Joseph Boahen averred that long before the EU considered the new regulations, steps had already been taken by producing countries, particularly Ghana, to address the myriad of challenges associated with climate change and its consequences on production.

“Yes, the regulations are meant to enhance the awareness of sustainable production, but for us we were already bothered about the way climate change was affecting production and disrupting local activities, so even before the idea of the regulations was conceived, Ghana had already started mapping farms which is another element because without the polygon maps you cannot trace the source of the cocoa,’ he stressed.

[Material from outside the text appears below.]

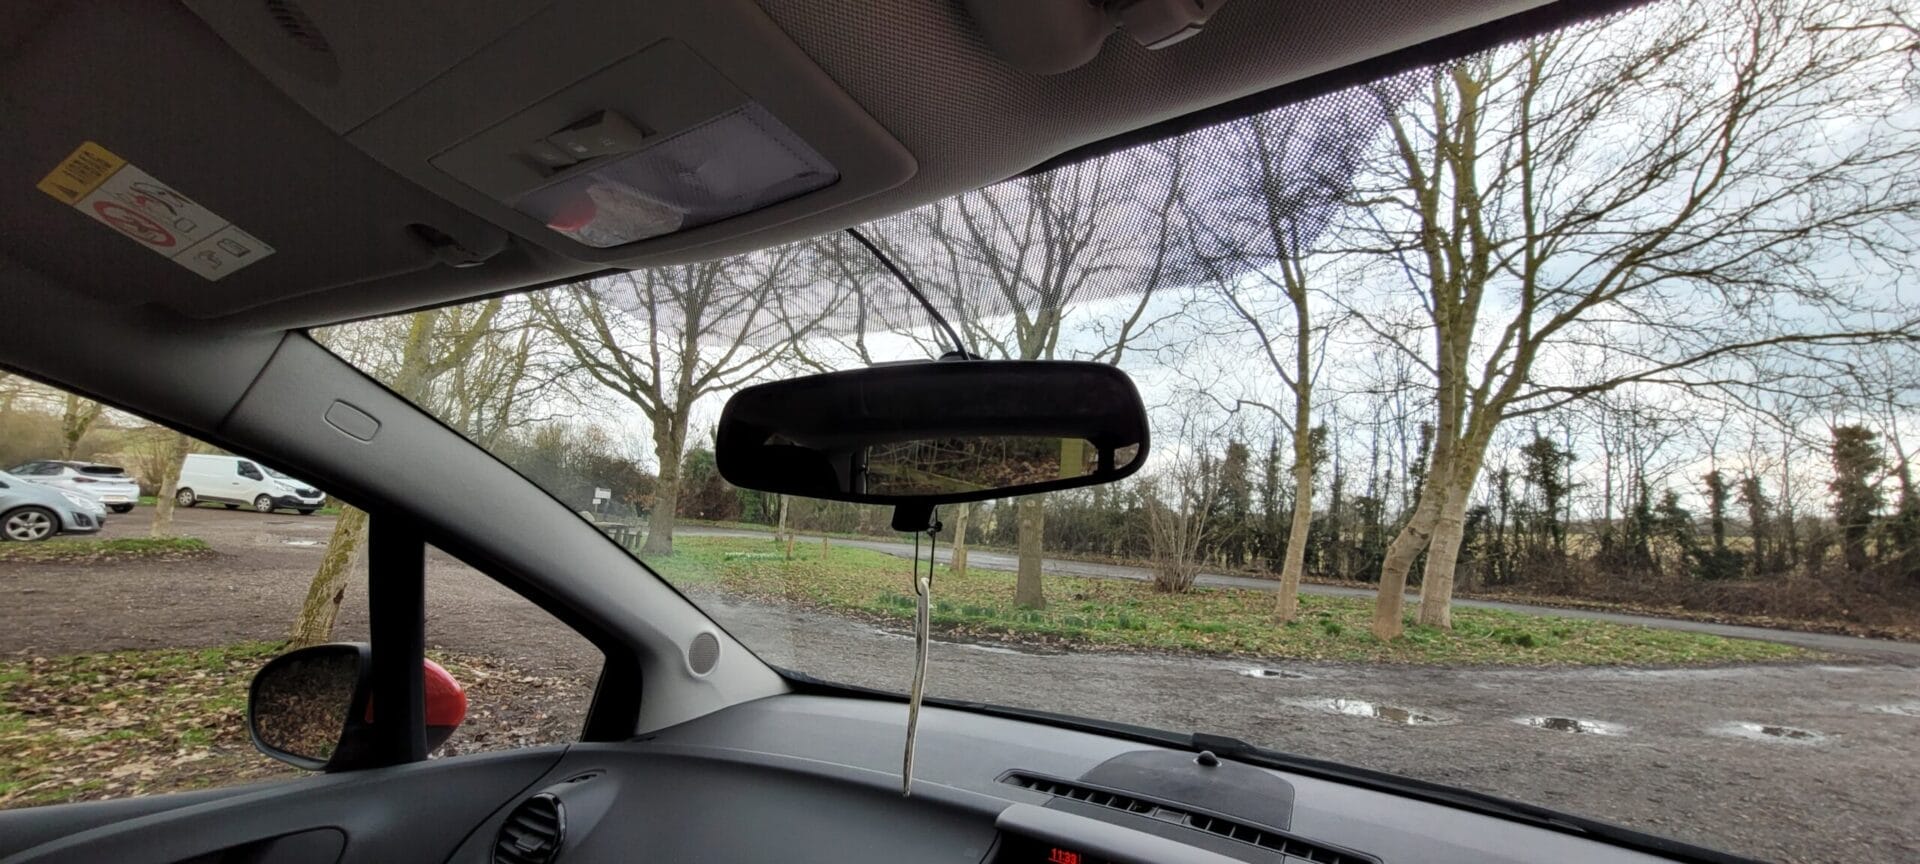 Image shows the hidden dashcam behind my mirror.
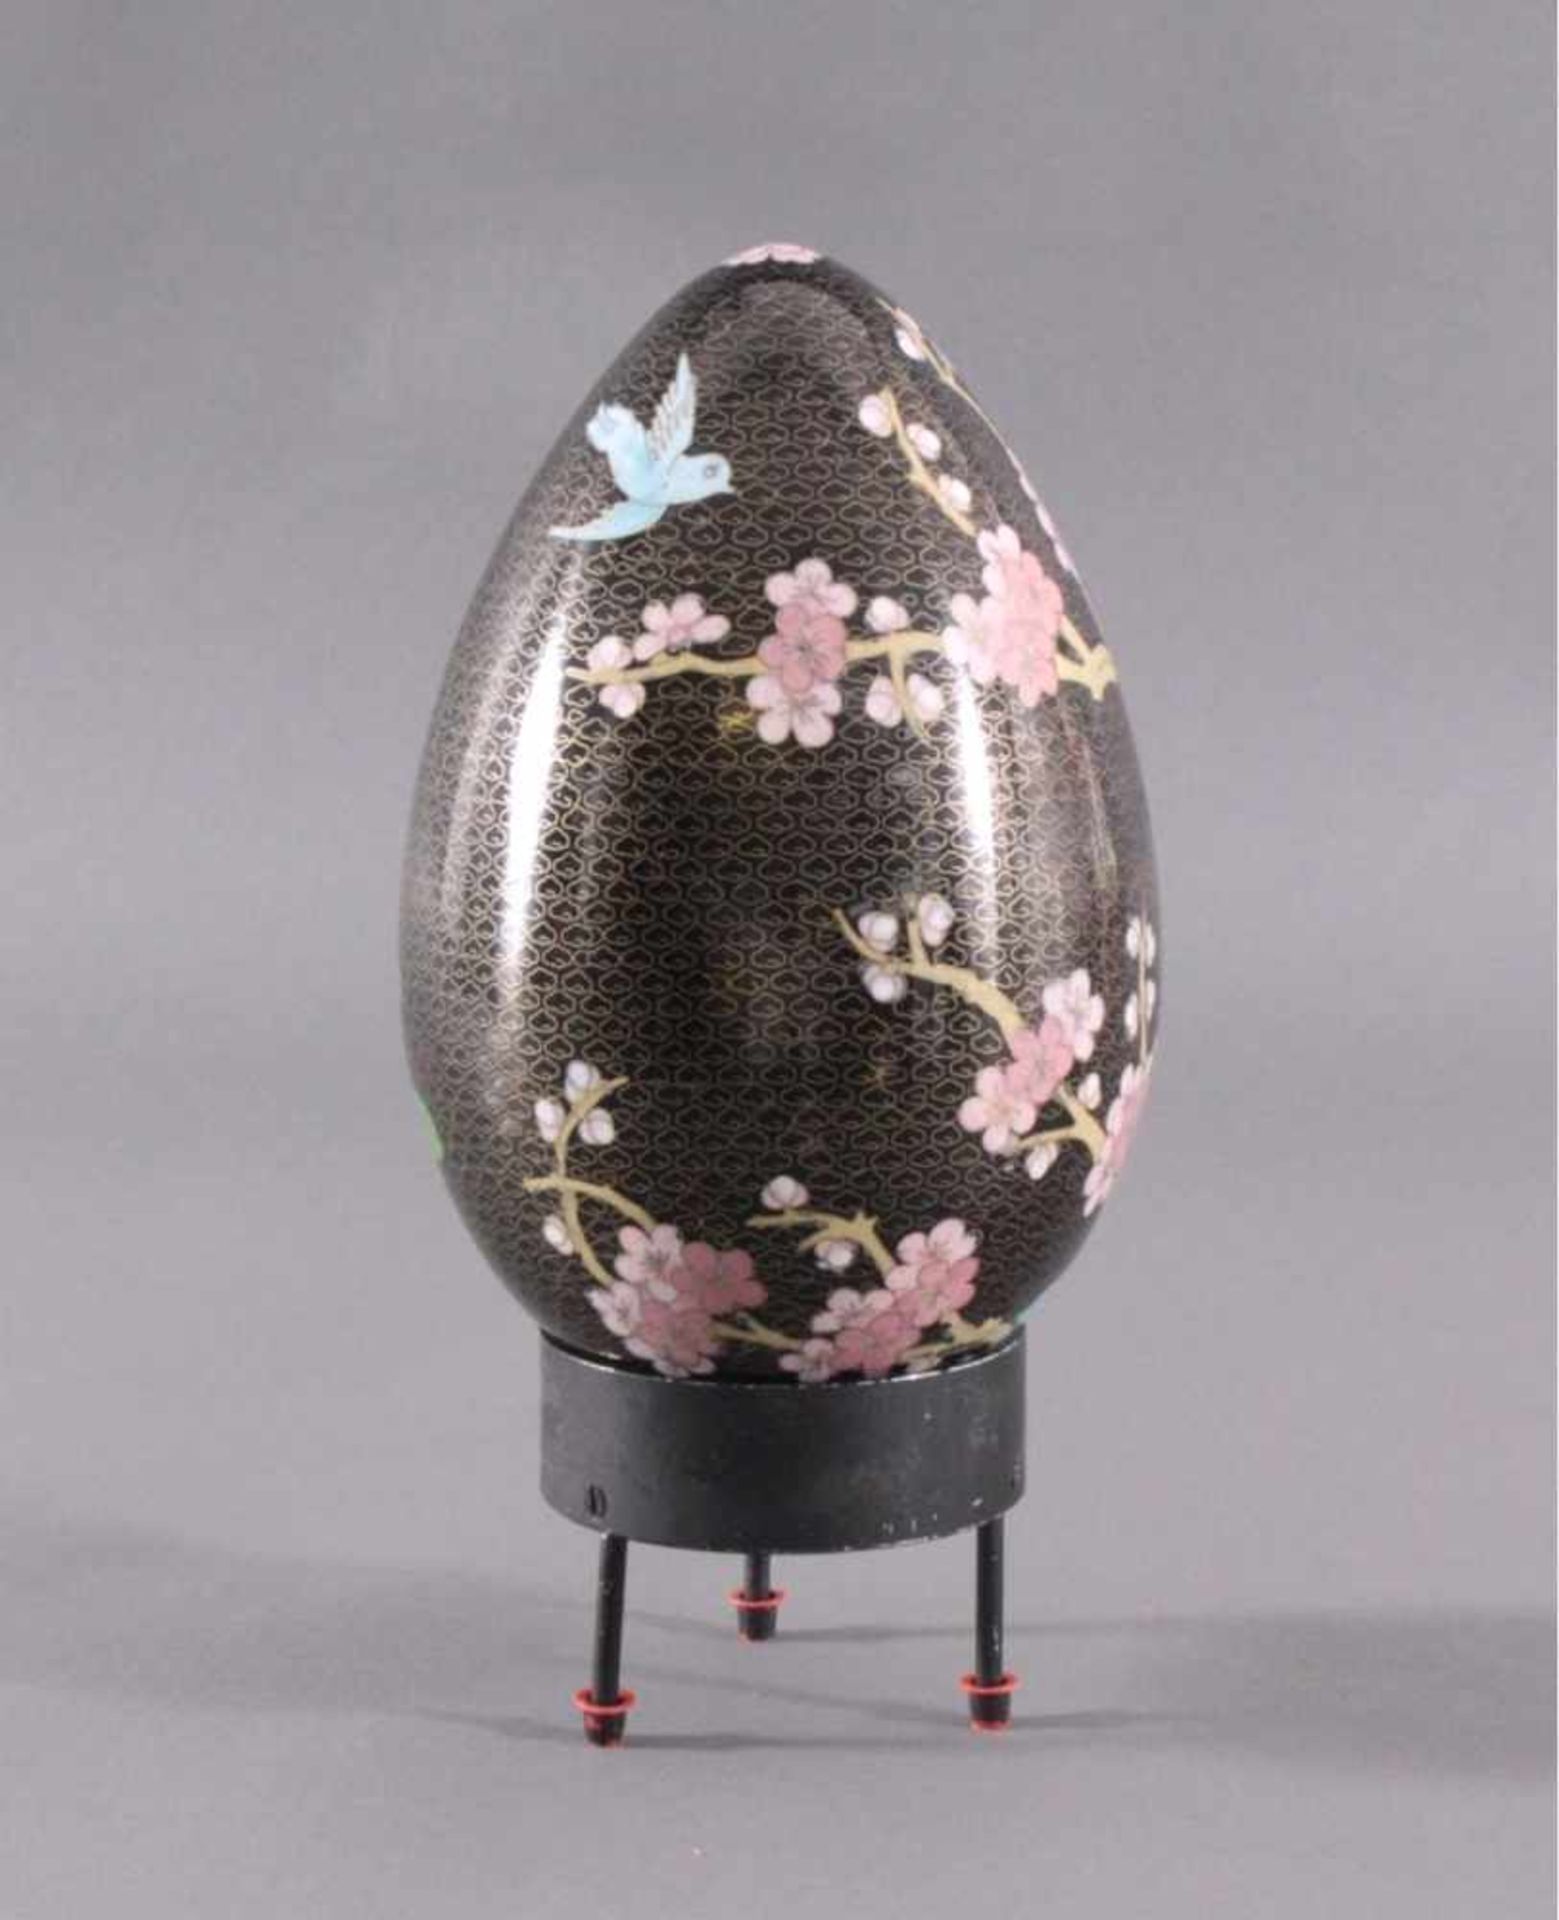 Großes Cloisonne Ei, China 1. Hälfte 20. Jh.Kupferkorpus, polychrom emailliert im Kirschblütendekor, - Bild 3 aus 5

He however observed that the new regulations failed to consider issues relating to costs and who bears responsibility for the technologies and tools involved in implementing these programmes, which he said were very expensive and could not be borne by the individual farmers.

“So now the conclusion is that having done all that, who pays for the cost, right from the polygon maps, bringing in the technology and the training because you need real-time data to make it work, which means that since this has not been factored in the new EU regulations, the operator has to pay and this is going to make cocoa from Ghana, Cote d’lvoire and Cameroun very expensive.”

Against this backdrop, some have argued that the liability of paying for the cost of compliance must partly be borne by the wealthy nations that consume the majority of the cocoa produced.

Considering the substantial investments in resources involved in compliance and the fact that producing countries are already reeling under economic pressure, advocates of this position believe that the EU and other developed countries should be prepared to support cocoa-producing countries for ethically and sustainably sourced cocoa.